EXCERPTED DATA |
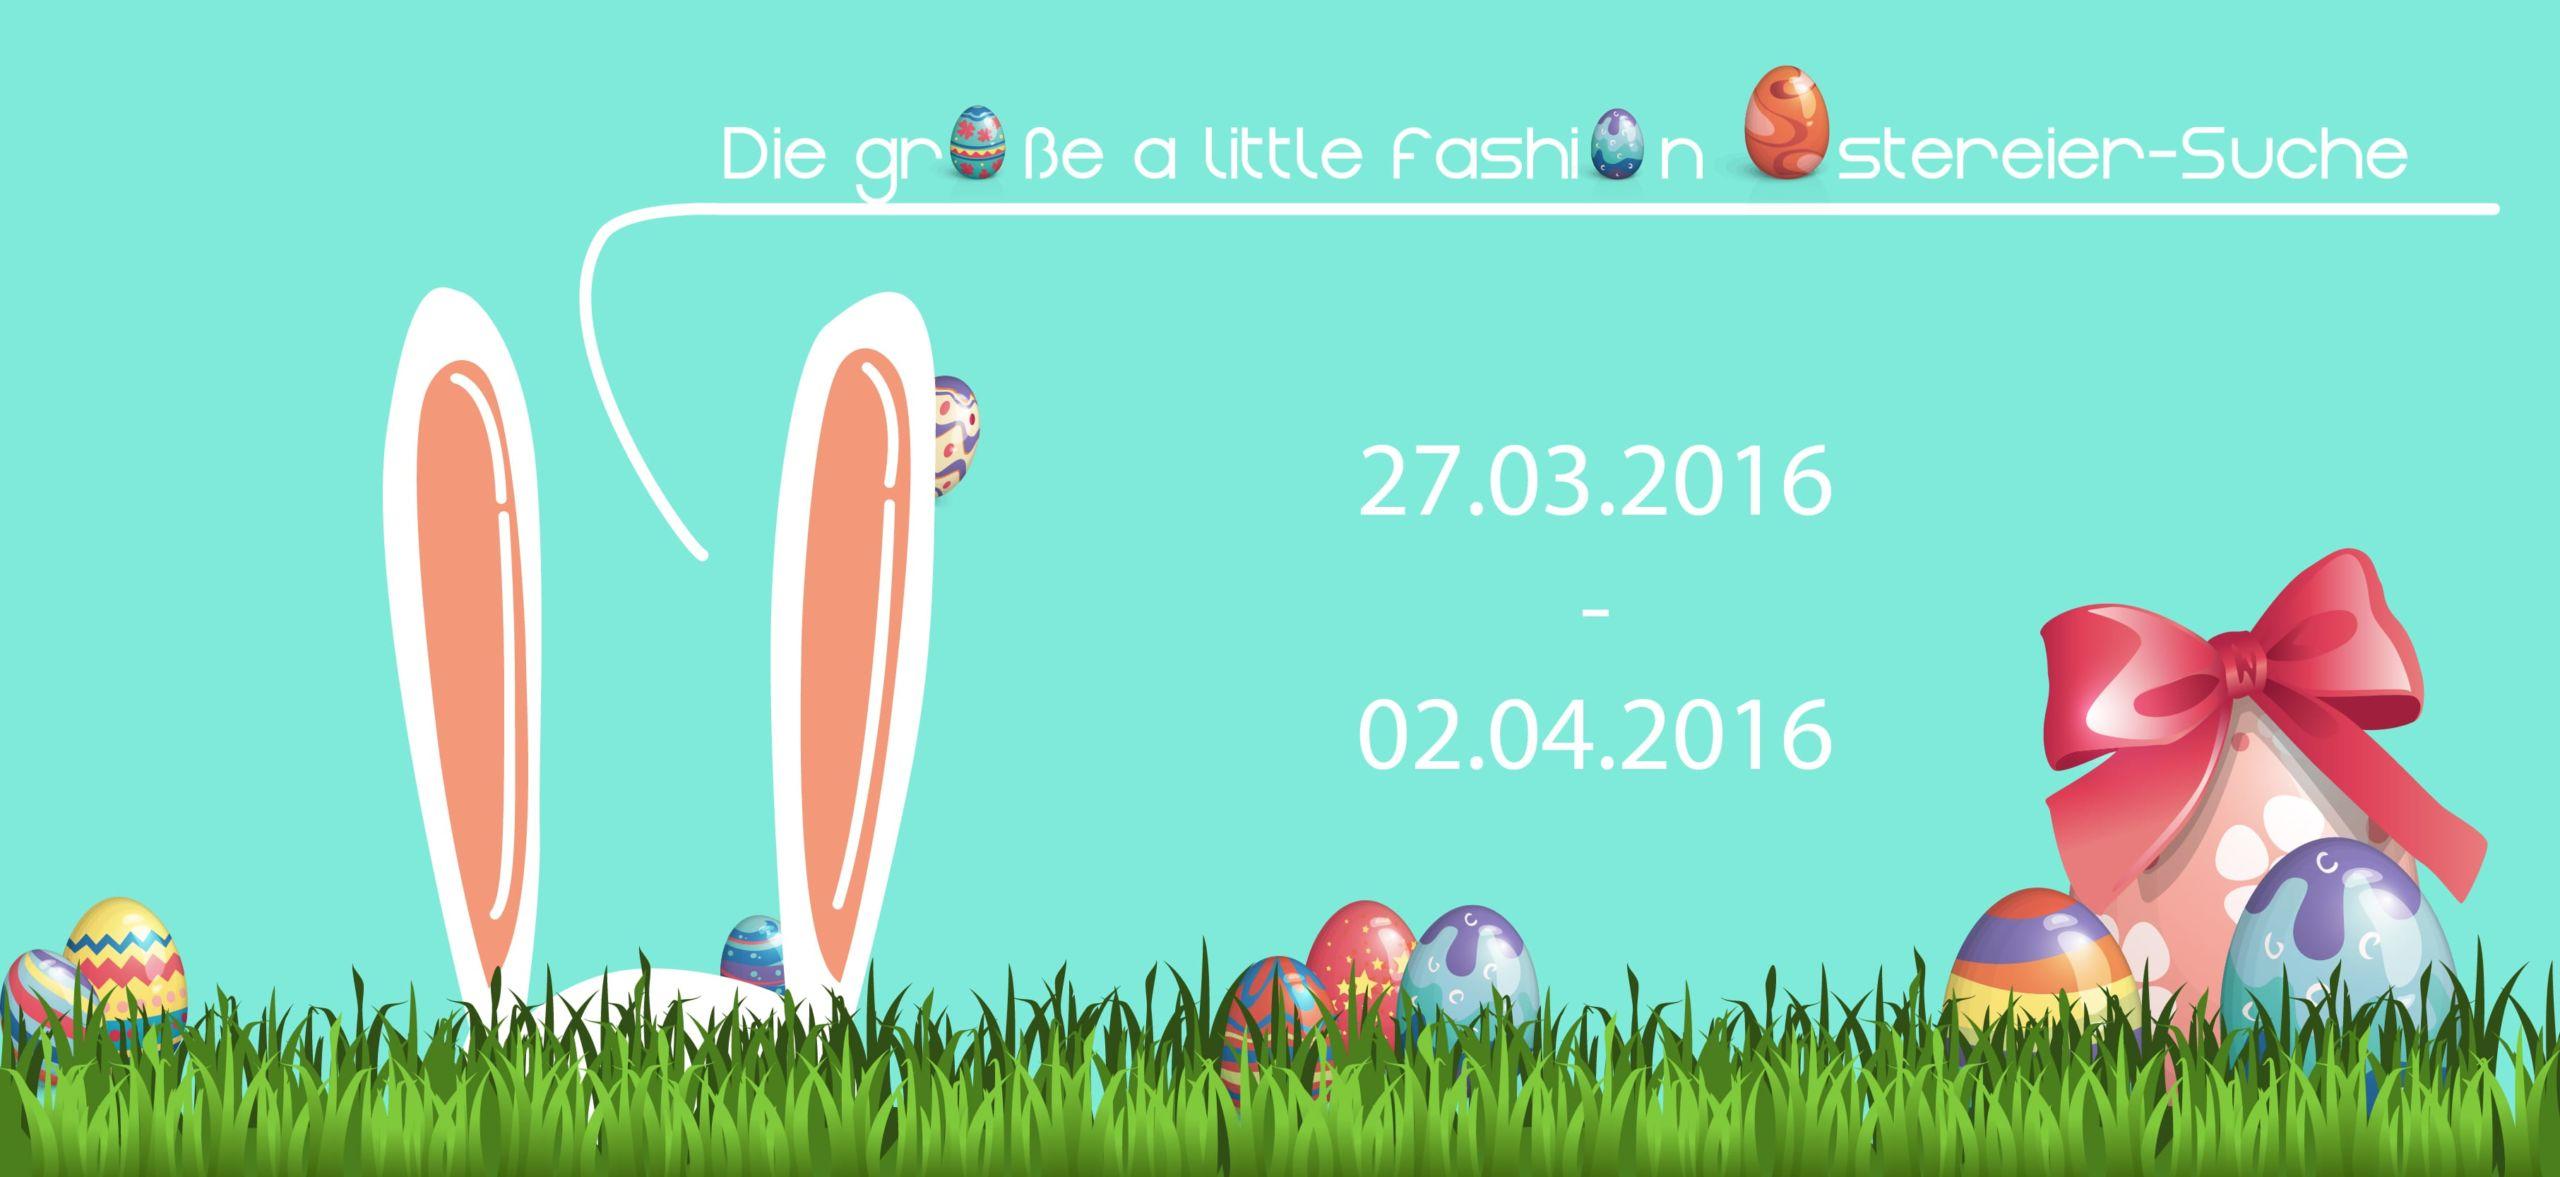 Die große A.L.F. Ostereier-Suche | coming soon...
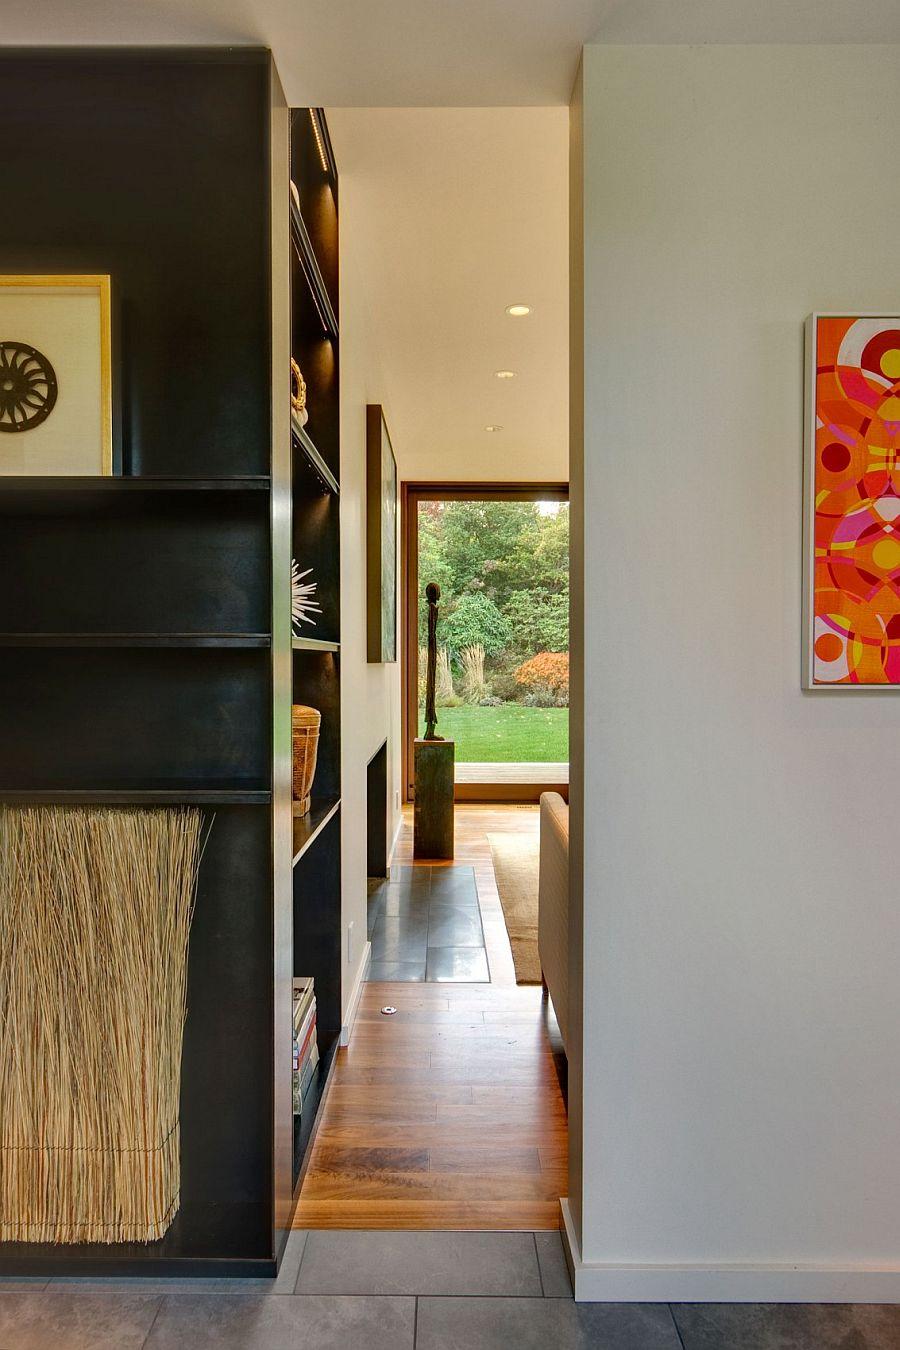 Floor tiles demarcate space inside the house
...
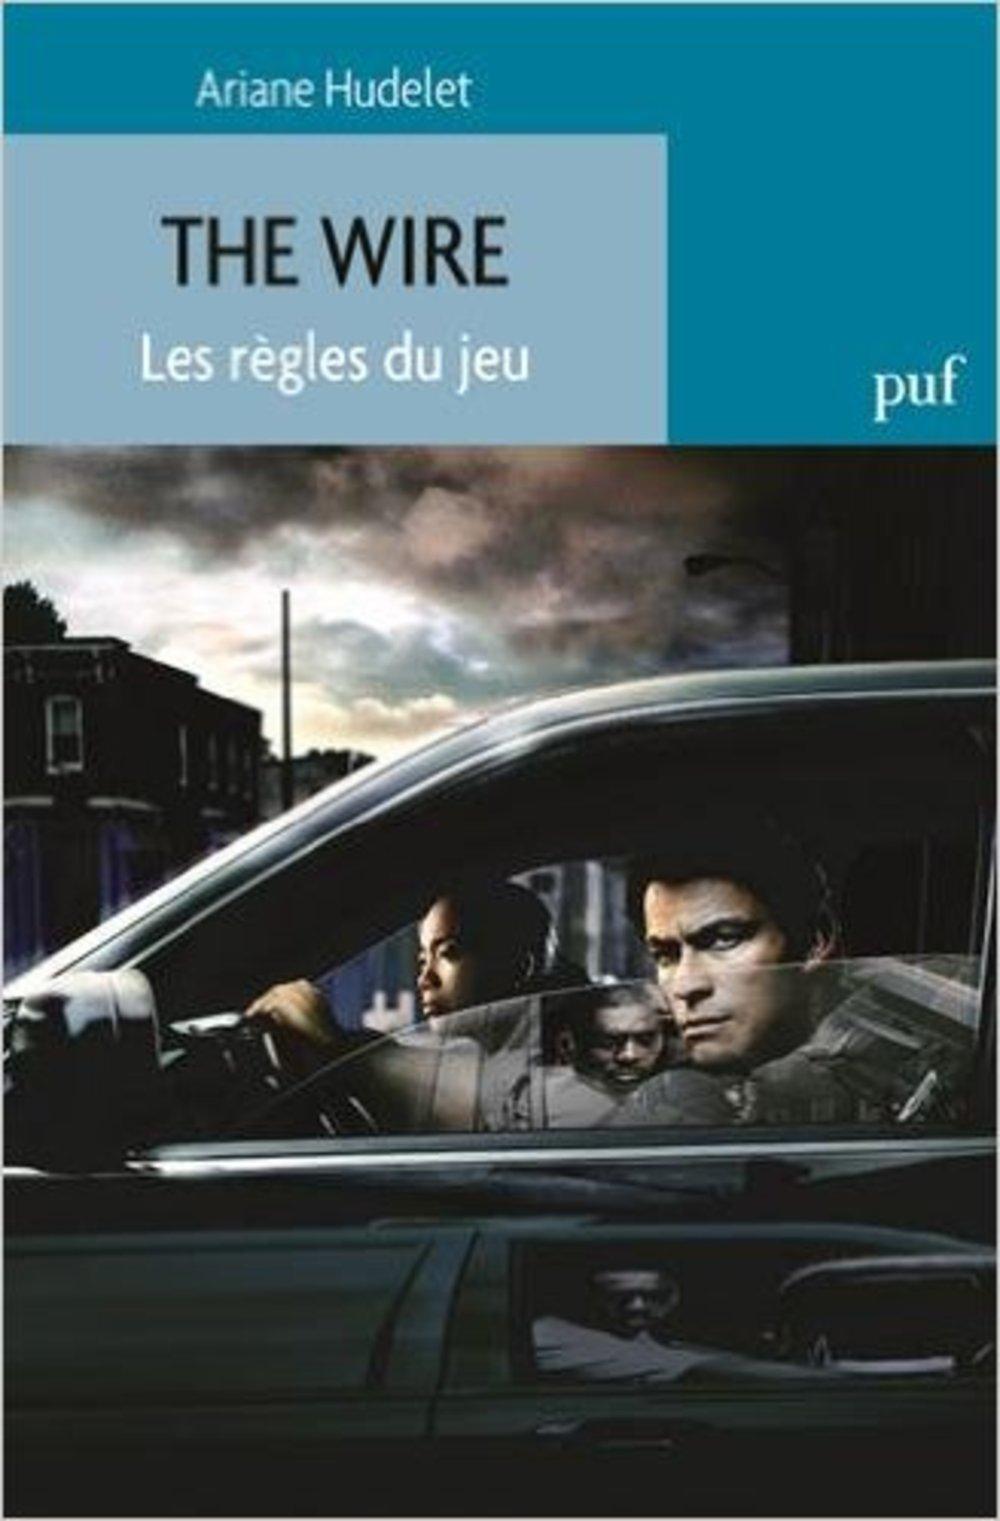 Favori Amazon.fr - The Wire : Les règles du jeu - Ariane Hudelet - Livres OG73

WHAT NEEDS TO BE DONE |
Write out exactly the run of lines above that starts at the line containing "Die große A.L.F." and ends at the line containing "Floor tiles demarcate space inside the house". Include both, and leave the pictures out.

WRITTEN SOLUTION |
 Die große A.L.F. Ostereier-Suche | coming soon...
 Floor tiles demarcate space inside the house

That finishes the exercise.